• **TASK TO CARRY OUT**:
Exactly as they appear below, repeat the lines from the one with "Common seals basking" through the one with "Neal's Yard Remedies". Drop every picture.

• **EXTRACTED INFORMATION**:
-.-.-
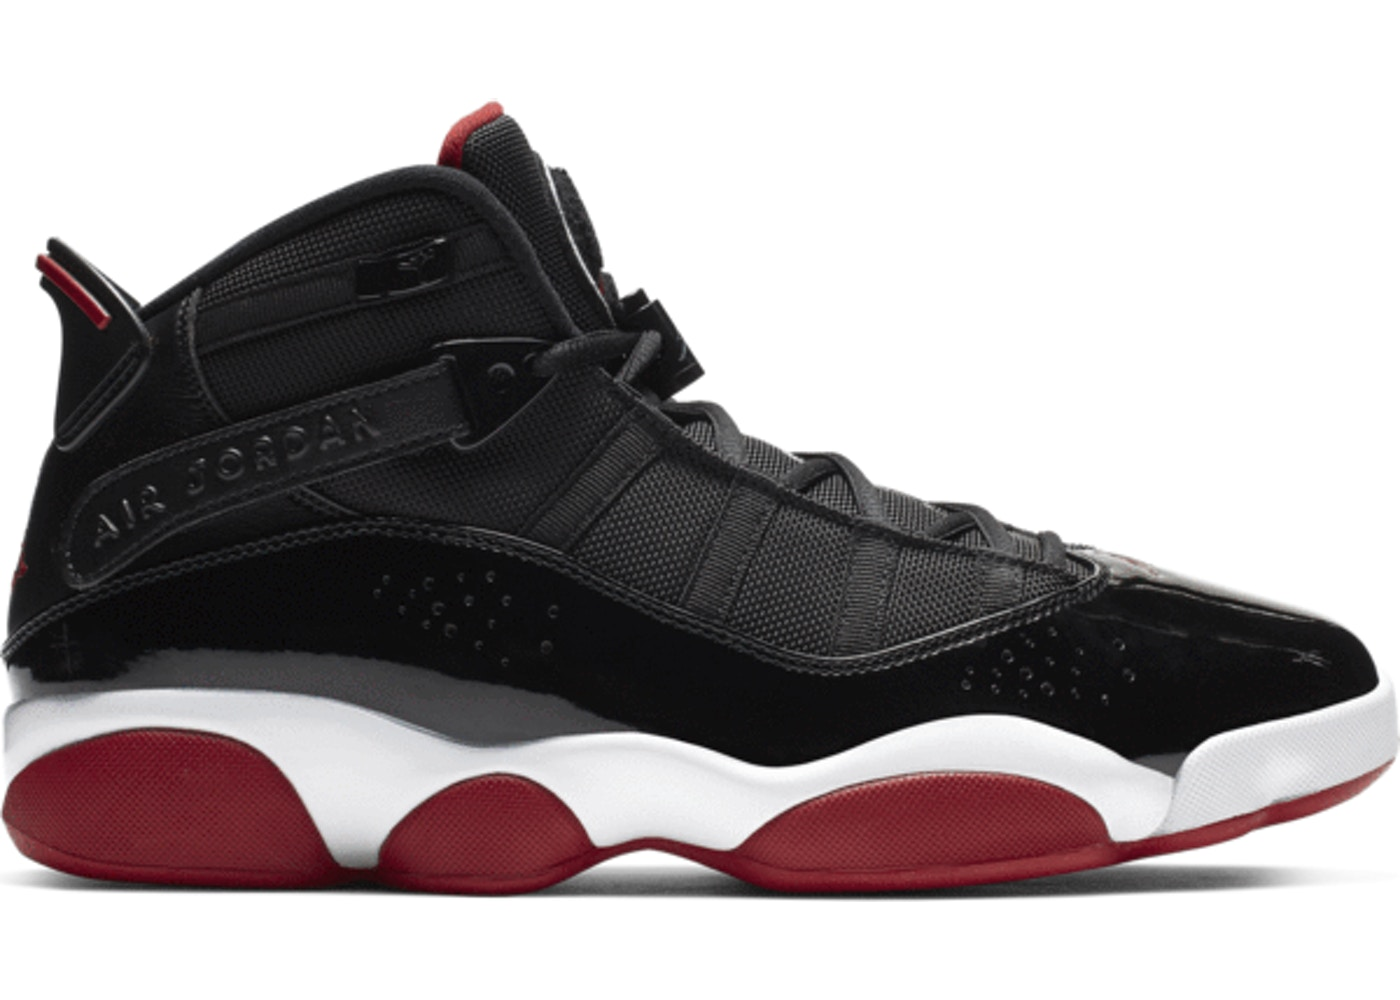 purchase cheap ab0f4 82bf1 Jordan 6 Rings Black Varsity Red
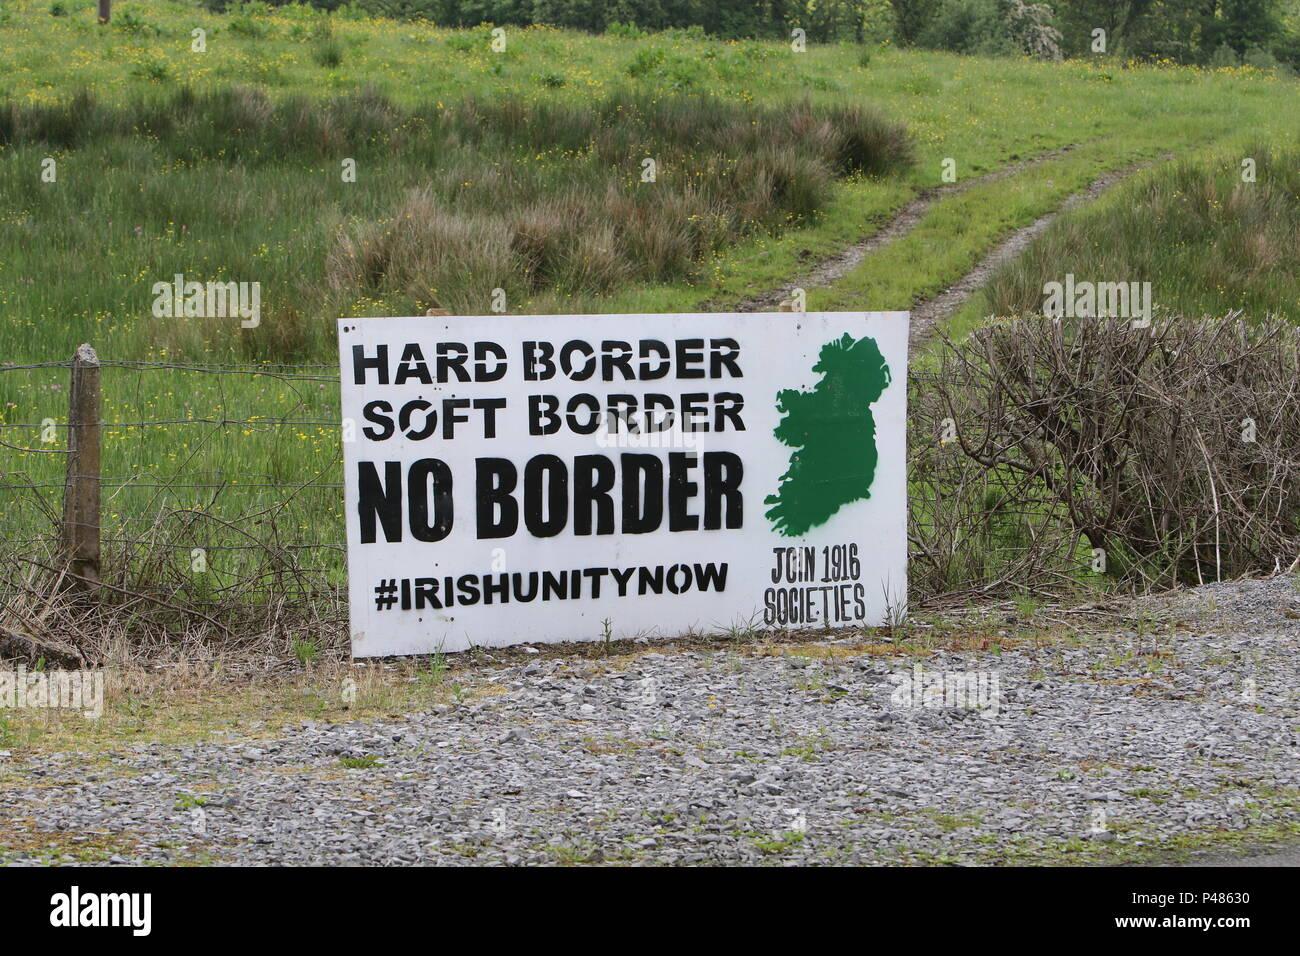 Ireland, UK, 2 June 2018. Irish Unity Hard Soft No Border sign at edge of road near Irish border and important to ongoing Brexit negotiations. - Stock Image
-.-.-
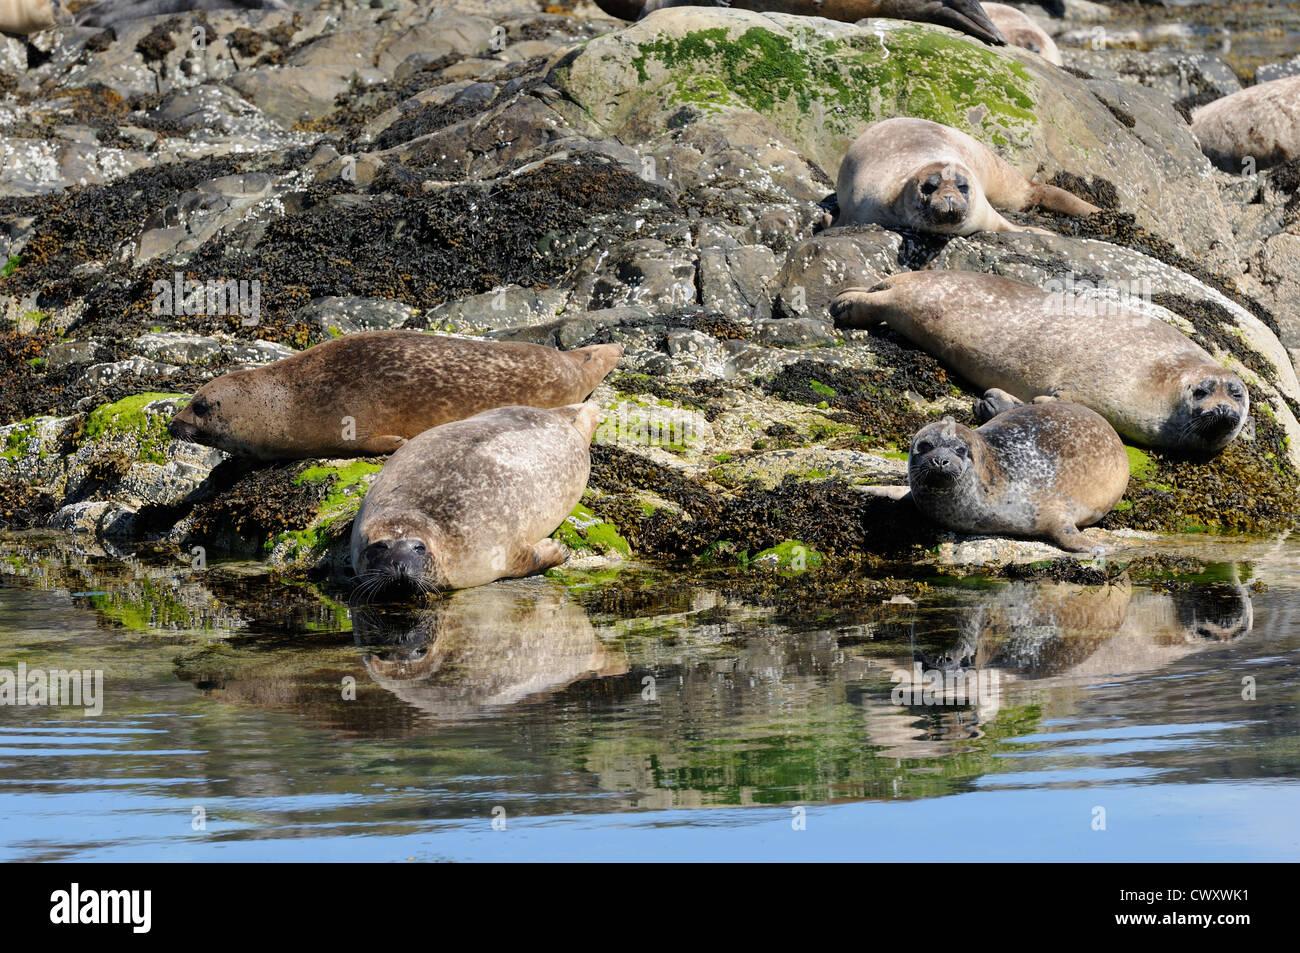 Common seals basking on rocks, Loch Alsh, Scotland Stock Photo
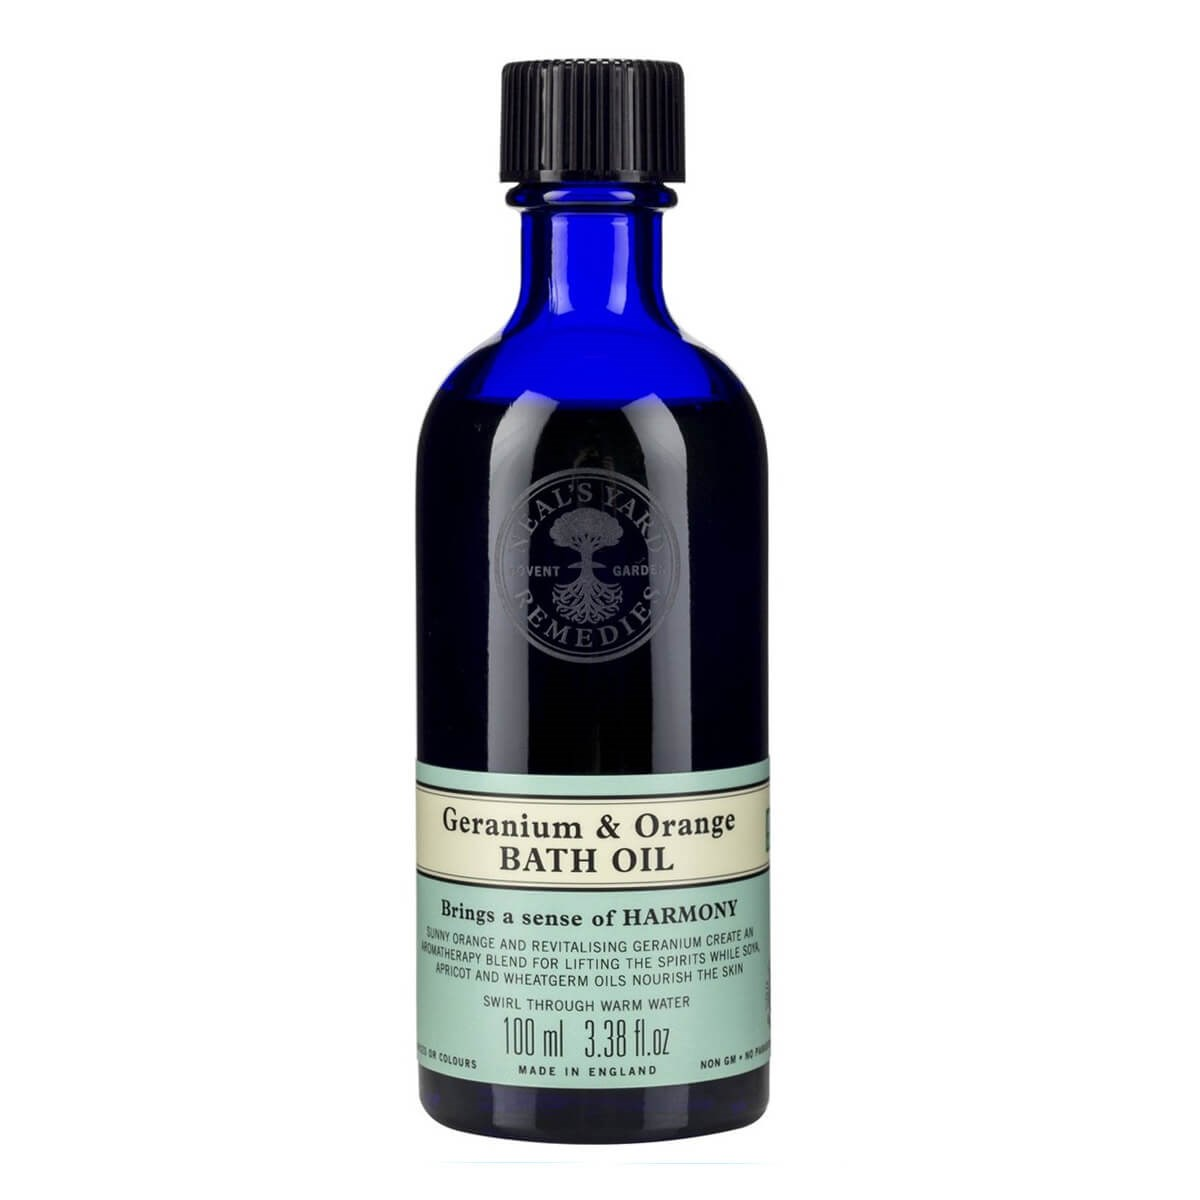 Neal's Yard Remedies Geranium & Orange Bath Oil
-.-.-
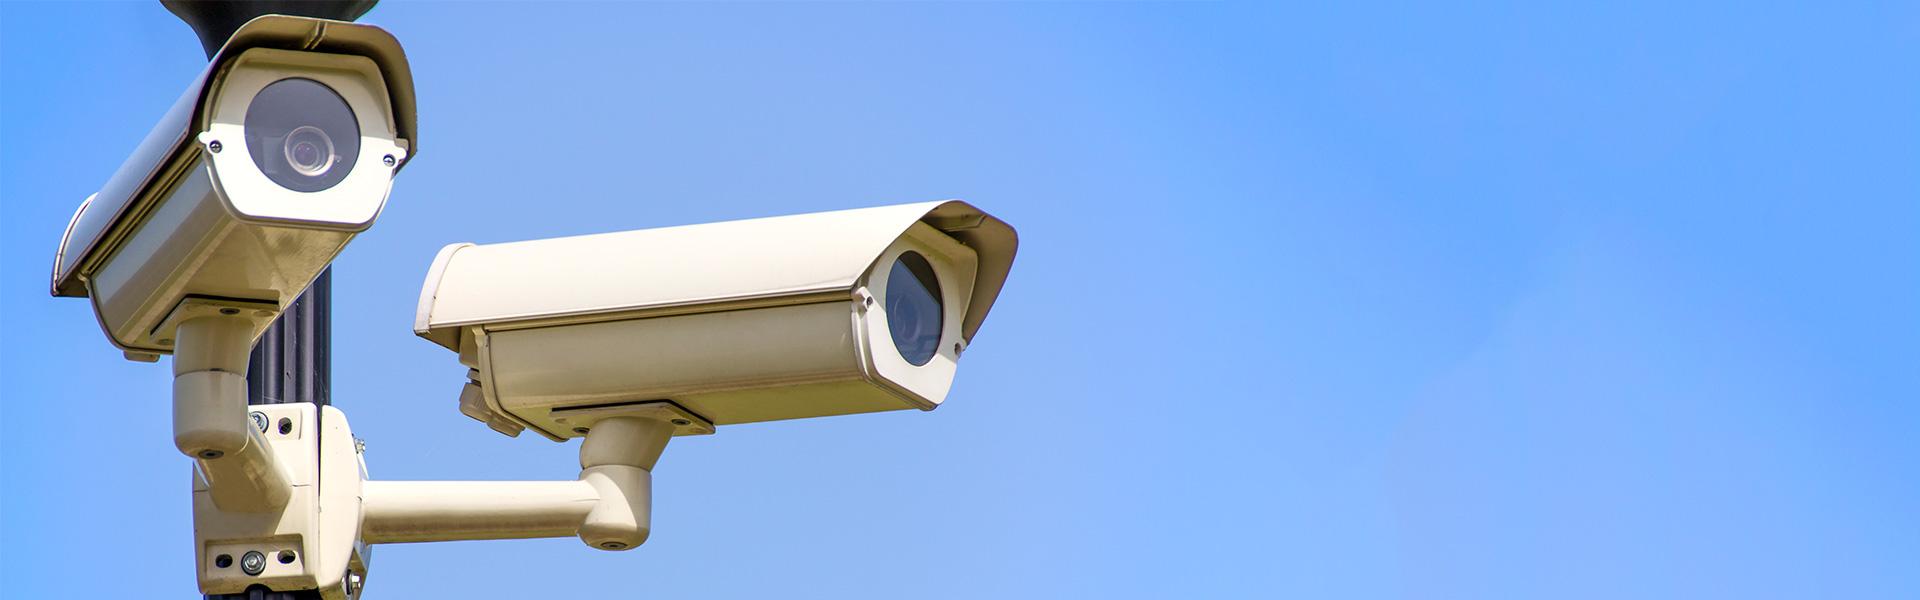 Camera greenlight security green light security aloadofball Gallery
-.-.-
• **YOUR RESPONSE**:
 Common seals basking on rocks, Loch Alsh, Scotland Stock Photo
 Neal's Yard Remedies Geranium & Orange Bath Oil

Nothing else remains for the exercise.